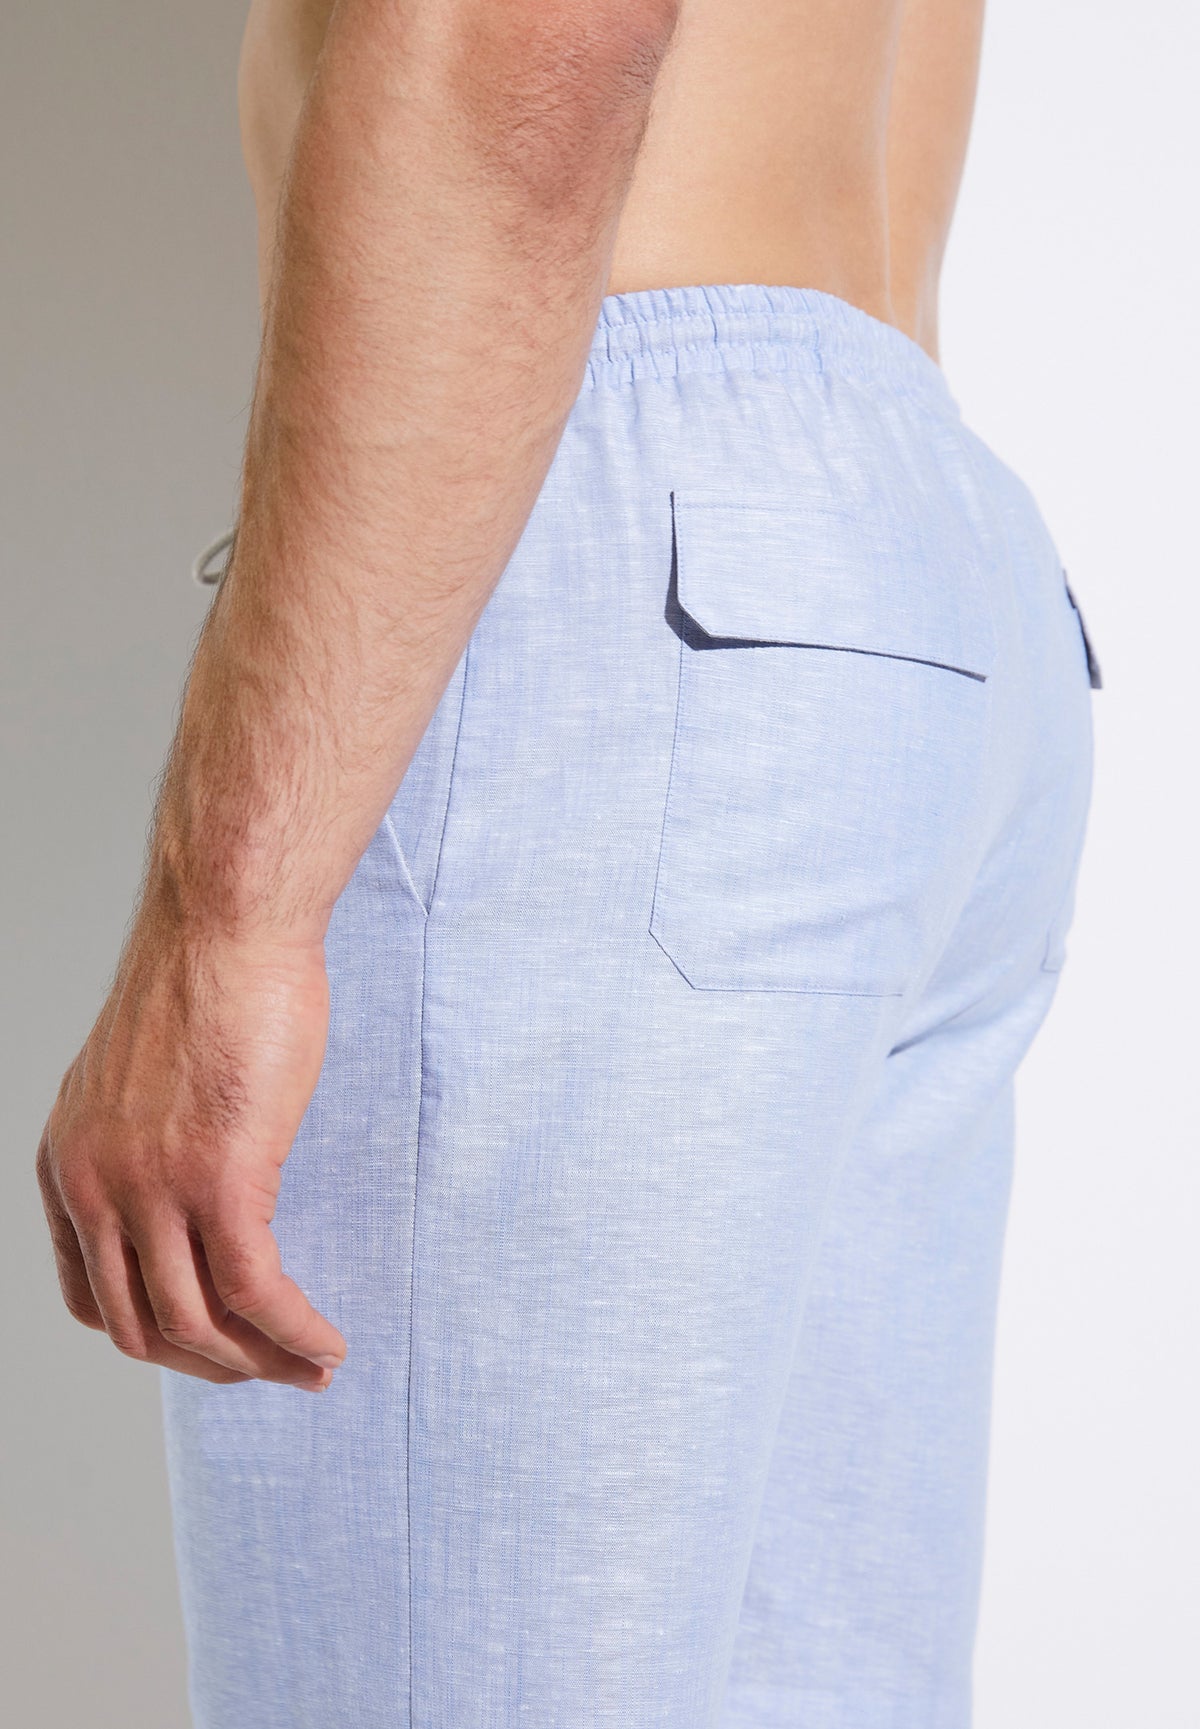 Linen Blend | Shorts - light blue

...

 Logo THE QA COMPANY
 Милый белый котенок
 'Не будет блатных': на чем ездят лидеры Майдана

## Instructions to follow
Set down, unchanged, only those lines above that fall between the line with "Милый белый котенок" and the line with "ездят лидеры Майдана", the two end lines included.

## Expected answer
 Милый белый котенок
 'Не будет блатных': на чем ездят лидеры Майдана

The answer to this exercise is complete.